===== PROVIDED RECORDS

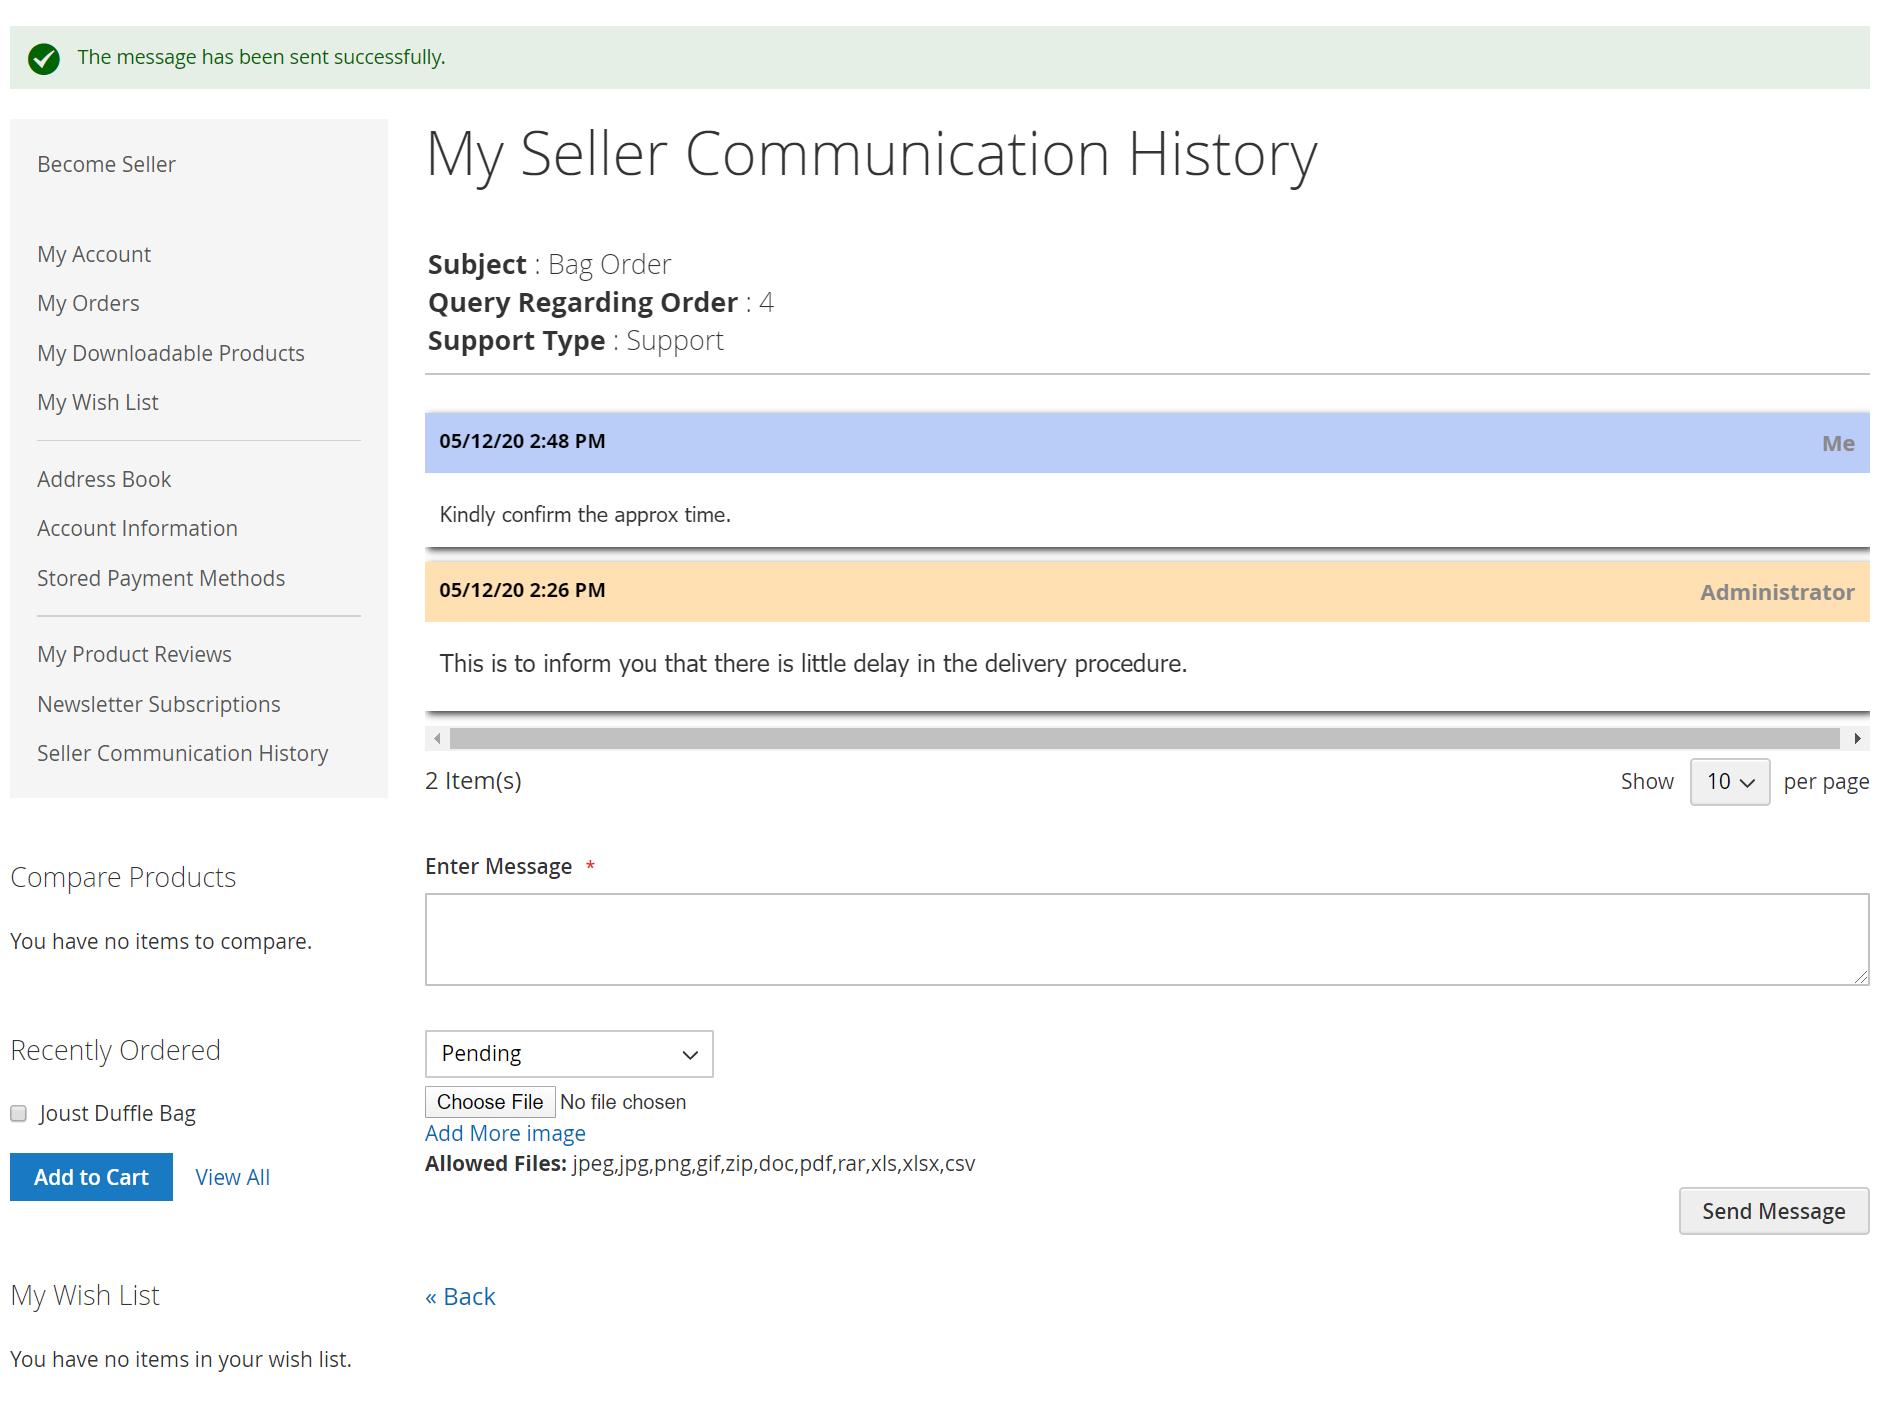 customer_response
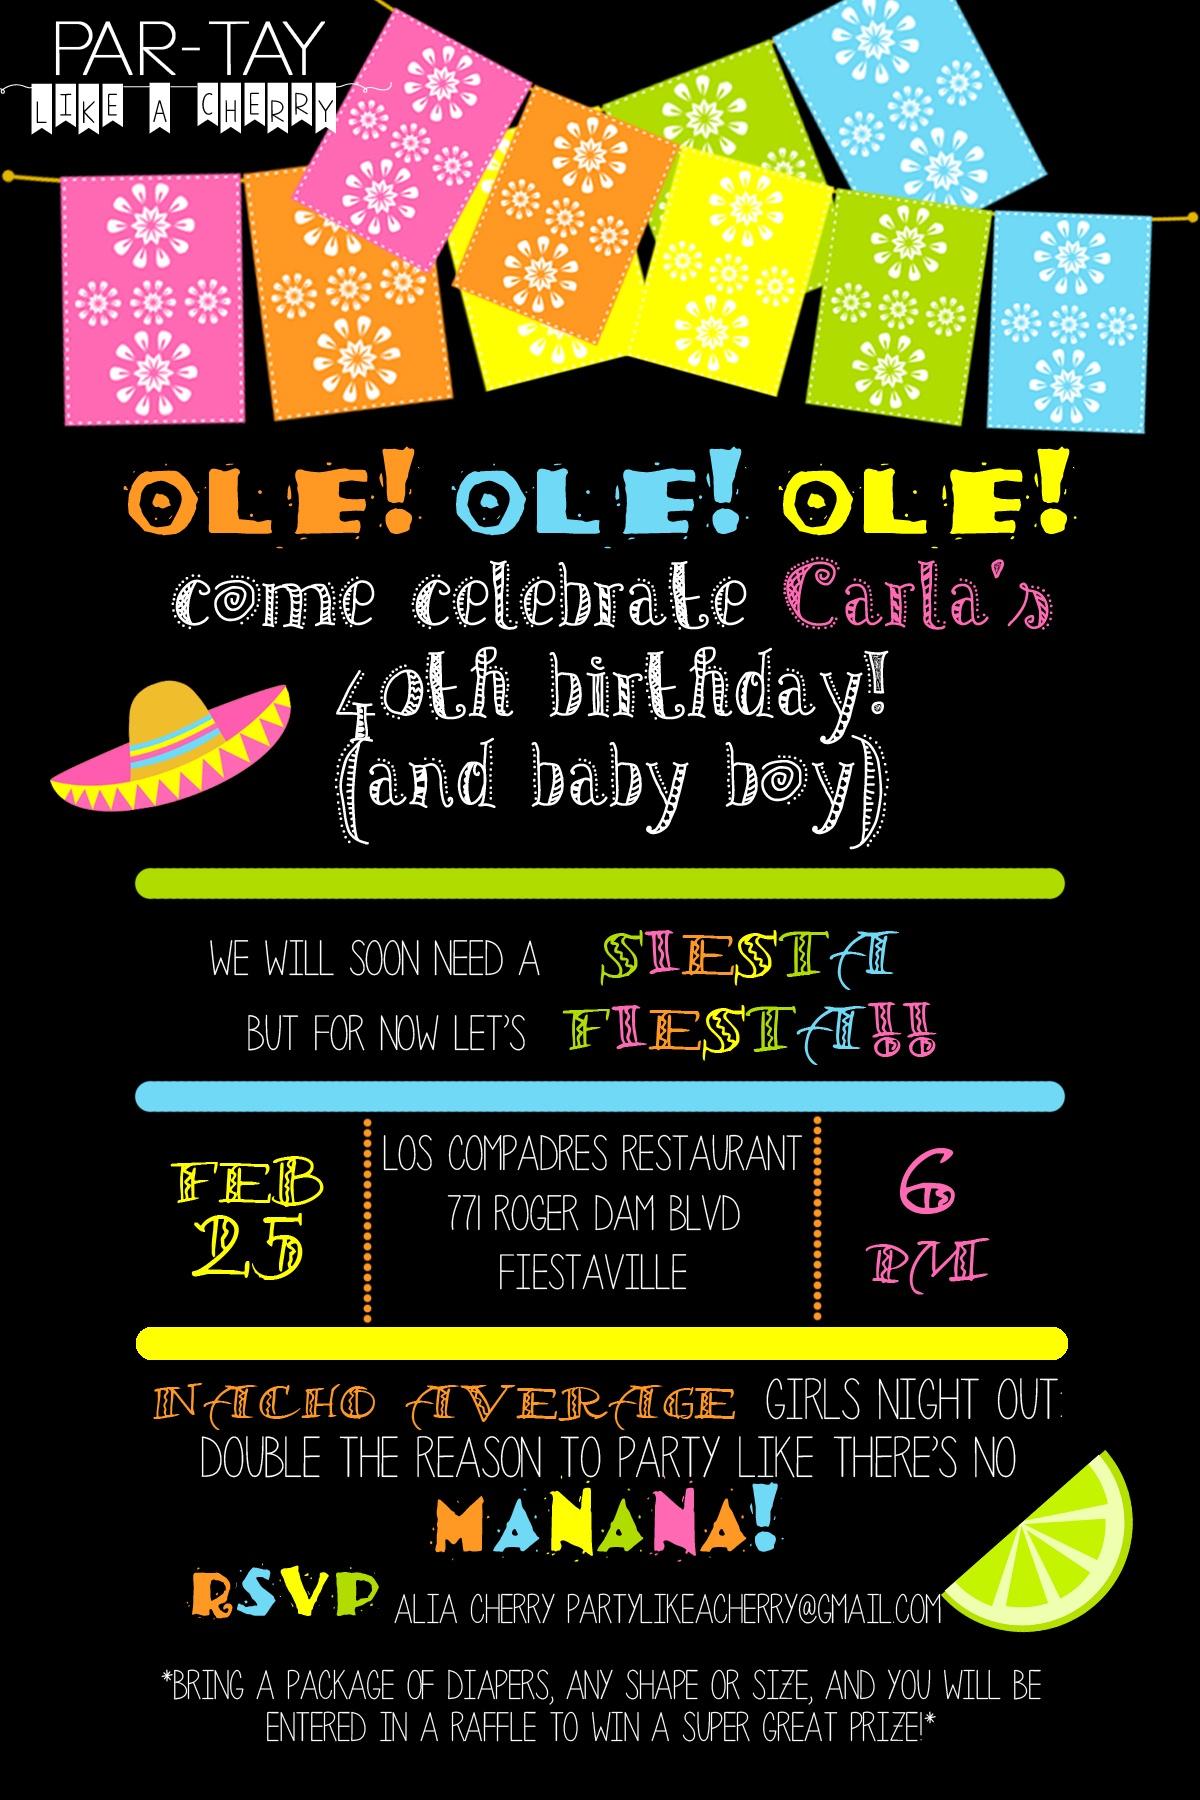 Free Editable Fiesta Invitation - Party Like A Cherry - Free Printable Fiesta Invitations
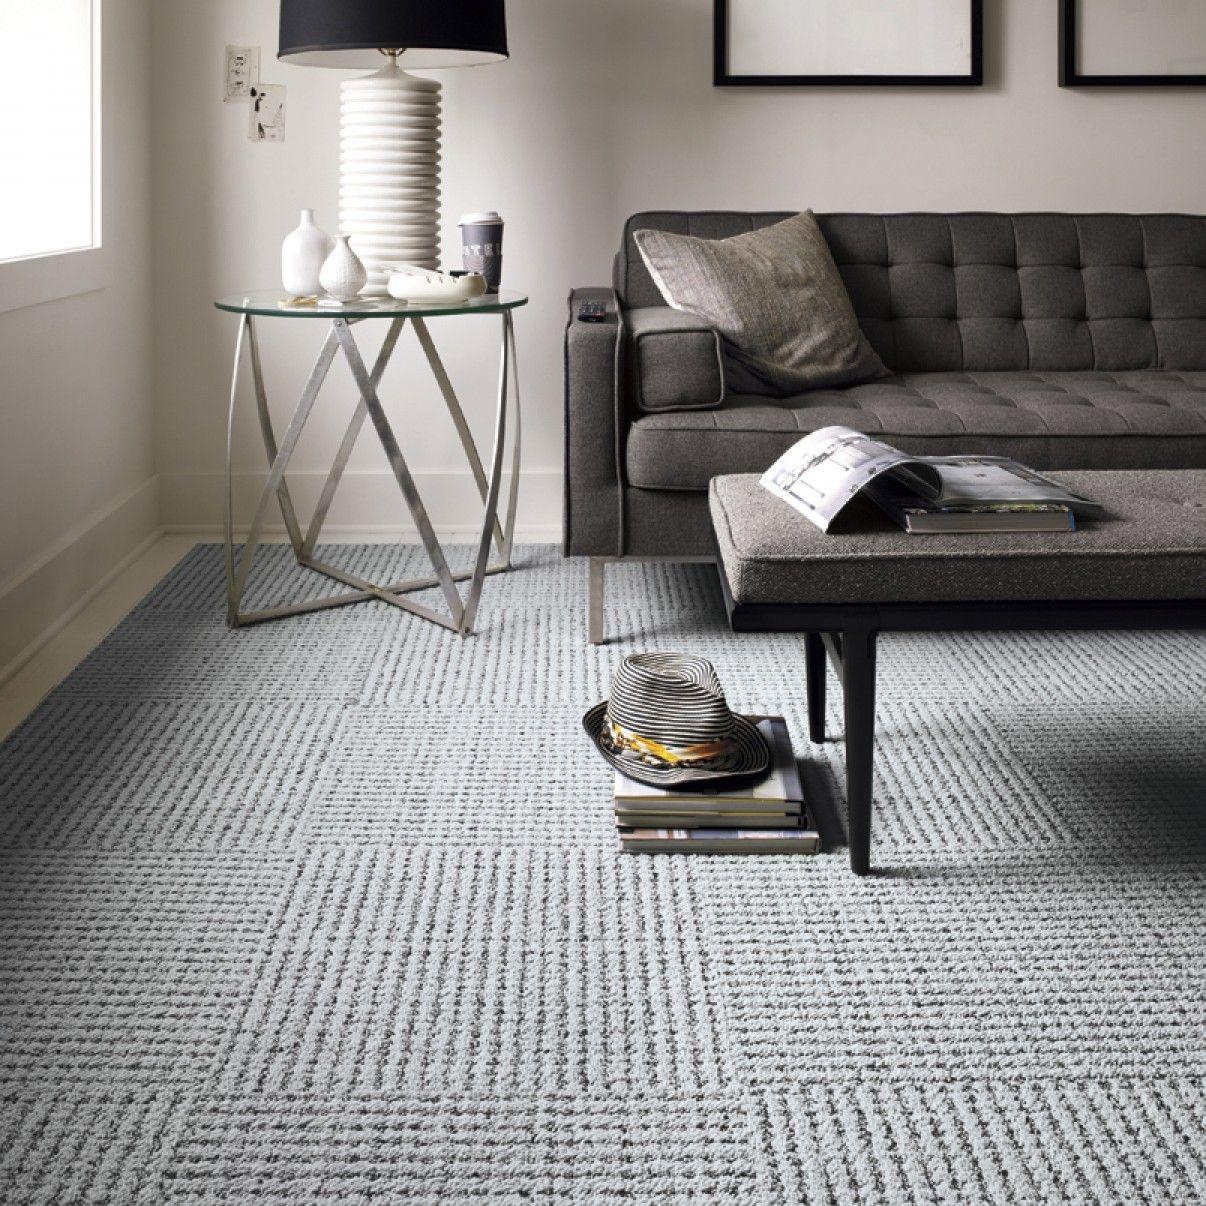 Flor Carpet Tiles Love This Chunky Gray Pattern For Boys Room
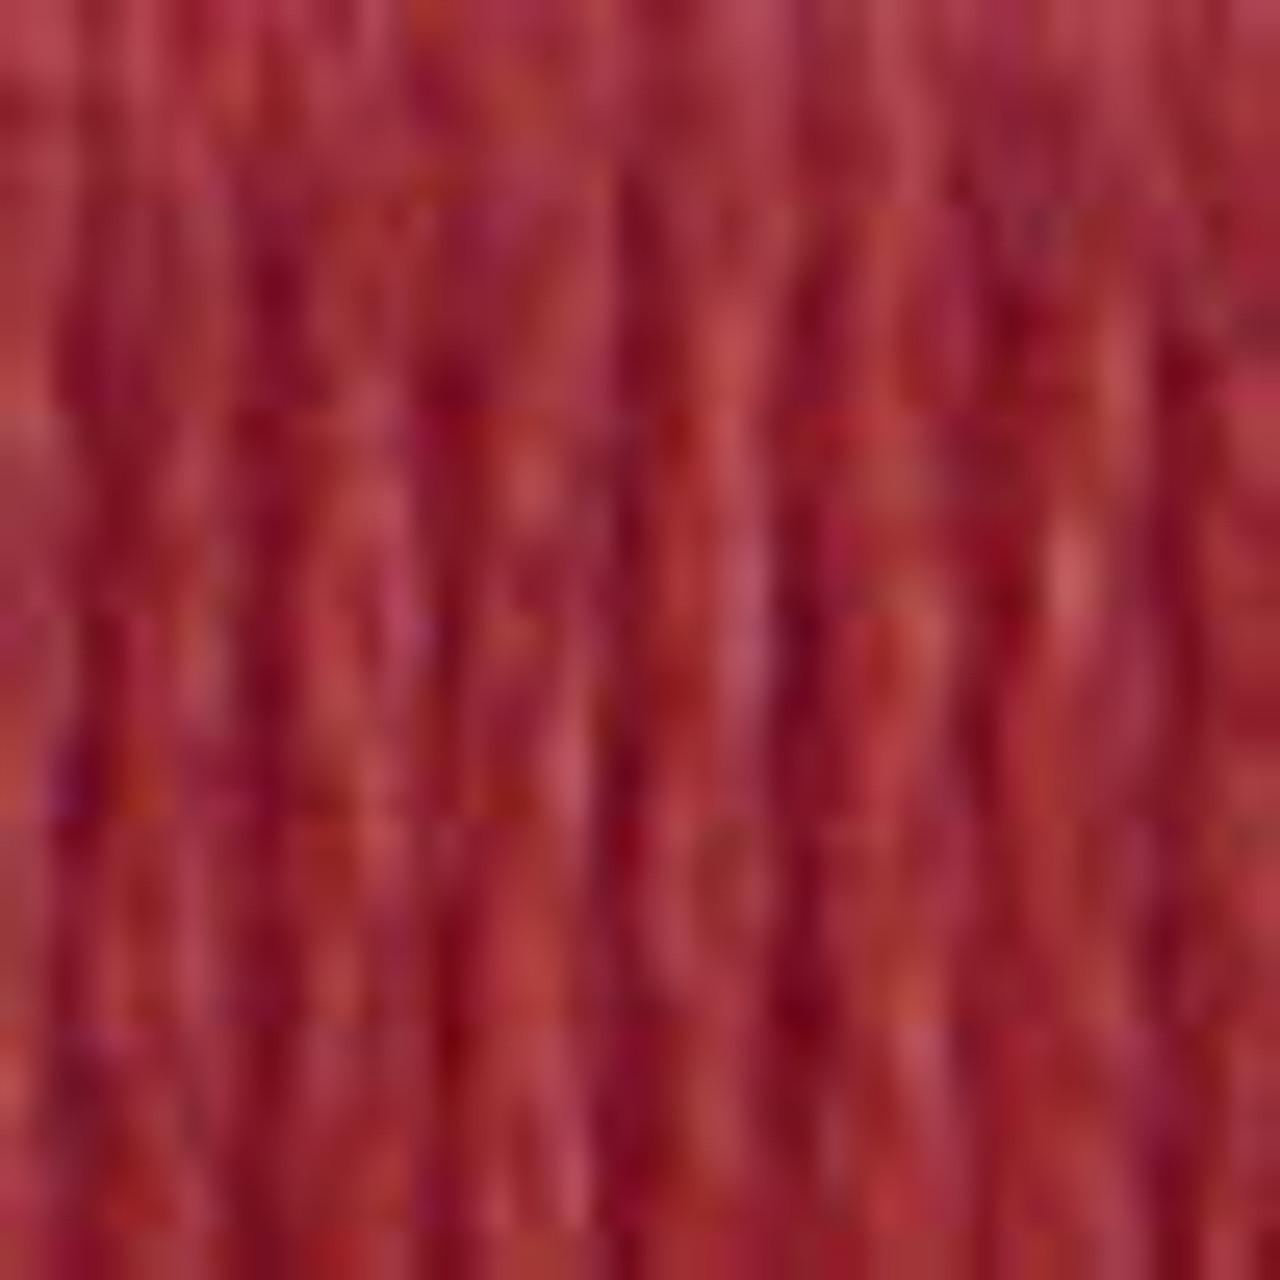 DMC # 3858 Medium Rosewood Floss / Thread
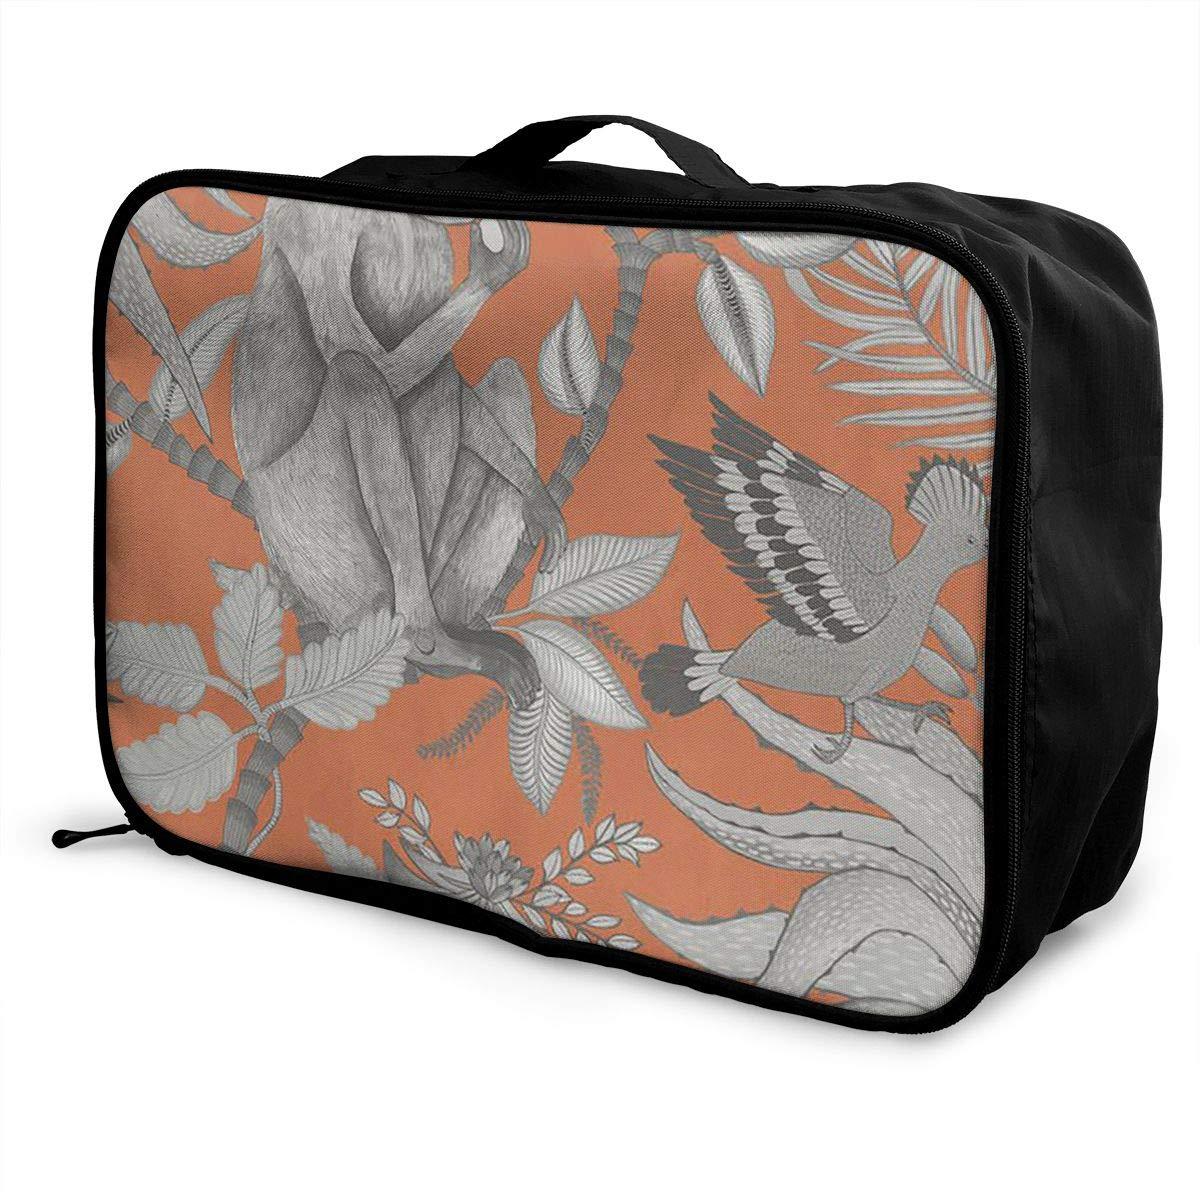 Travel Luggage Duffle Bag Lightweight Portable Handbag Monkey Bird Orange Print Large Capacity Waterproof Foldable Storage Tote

==========

### [DIRECTIONS FOR THIS TASK]
Once the pictures are set aside, give the listing again word for word.

### [ANSWER SPACE]
 customer_response
 Free Editable Fiesta Invitation - Party Like A Cherry - Free Printable Fiesta Invitations
 Flor Carpet Tiles Love This Chunky Gray Pattern For Boys Room
 DMC # 3858 Medium Rosewood Floss / Thread
 Travel Luggage Duffle Bag Lightweight Portable Handbag Monkey Bird Orange Print Large Capacity Waterproof Foldable Storage Tote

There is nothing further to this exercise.